I Am God’s Plan A for the restoration of this world. Who are you this week?

I Am: Coffee, Target, Aunt and Abundance

Context for this: here

This week:

I am a chocolate croissant early in the morning and coffee-flavored Belgian chocolate late at night. I am stove top brewed single-cup decaf espresso poured over creamy vanilla ice cream. I am summer shandy and creme ale after work. I am grilled chicken stuffed with Havarti cheese and hot, crispy falafel covered in cucumber sauce when it’s chilly.

I am the Target dollar spot, the Old Navy clearance rack, the REI 20% off sale. I am Amazon.com. I am the Emergency Department: chair ducking, grief holding, support offering, bus pass distributing, safe house finding, adoption facilitating, report filing, family calling. I am these things from a 10×10 foot social work office.

I am Aunt Brookie to three little girls, and Little B to the best aunts.  Combined, we are wise and silly, baked cookies and explorations through the Monon “forest”, nicknames and knock-knock jokes, princess puzzles, swim dates and bike dates. I am early morning blanket wrapper, scooped from the pack-and-play, nuzzled with a million kisses, footie pajamas, cinnamon rolls and dinosaur-shaped banana pancakes.

I am still Be safe and Be smart and You’re gonna bring home an orphan. I am God doesn’t just provide adequately, He provides abundantly. I am Nothing good happens after midnight. I am Nothing but the blood of Jesus.

Please tell me: Who are you this week? Food, places, people, and words spoken into your life…

I Am: Food, Places, People, Words

I went on a little Scribes retreat today. Scribes is a) My writing group and b) My pals.

At first I thought it might be writing boot camp, because we had to leave at 6:30am and they told me to bring hiking shoes. But then we stopped at Panera for giant coffees and then we drove 2 hours to Denise and Jackie’s adorable micro-homes in Freedom Forest, where a little breakfast was waiting for us, and then we had a nice walk around a lake, and then we ate loads of chocolate cake. Oh yes, also we did some writing and reading with a good amount of laughing and a tear or two. So, you know. Not boot camp at all.

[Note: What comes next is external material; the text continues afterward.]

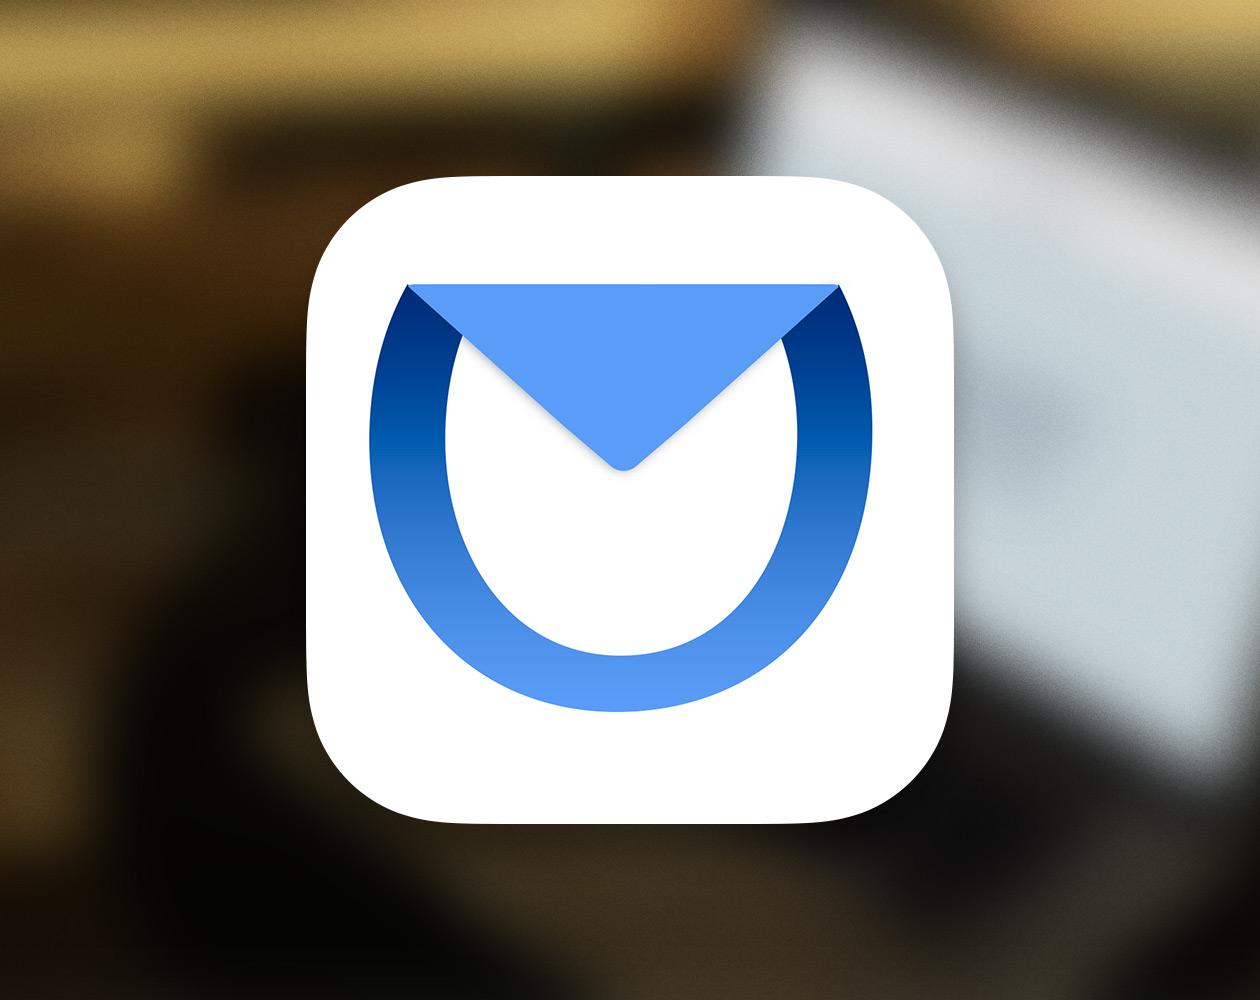 Zero для iOS — почтовый клиент Mailbox в другой обертке

We did a writing exercise called I Am.  These are 4 categories in which we complete the sentence I am… to describe ourselves. The categories are food, places, people, and words spoken into our lives. I plan to complete this exercise every Sunday as a kind of check-in, because things are always changing, yes? If you like it, please respond with your own answers.  (Wouldn’t that be fun?) (Yes, Brooke, that would be SO fun.)

I am butter cream frosted, molten chocolate, squishy and undercooked, a smidge larger than a normal slice, a brownie-toothed smile with sprinkles on top. And then I am seconds.

I am a bright raincoat, fleece-lined snow boots, dry-touch bug spray, mosquito net, 5-way-wearing-multi-scarf. I am roll-up and adaptable, about 10-pounds too heavy, with a preference for hot, a reverence for the mountain, and at ease with the uneasy. I am, in my heart, lying on a beach somewhere holding a pina colada.

I am my mom’s hair and my dad’s freckles. I am always chasing the brother train because no one thinks about inviting the sister. I am the glue, the caretaker, the organizer, and the bridge from one family member to the next. I am a selfish wife on Tuesdays and a fantastic wife on Fridays to a husband who’s yet to have an off day. I am the beholder of generous friends.

I am blessed abundantly, addicted to bags, creative, freakishly prolific. I am wear your sunscreen and 10% in savings, 10% to the church and no natural talent, but worked real hard. I am be safe and be smart and you’re gonna bring home an orphan.

Please tell me: Who are you?
*Don’t forget the categories: Food, Places, People, Words spoken into your life.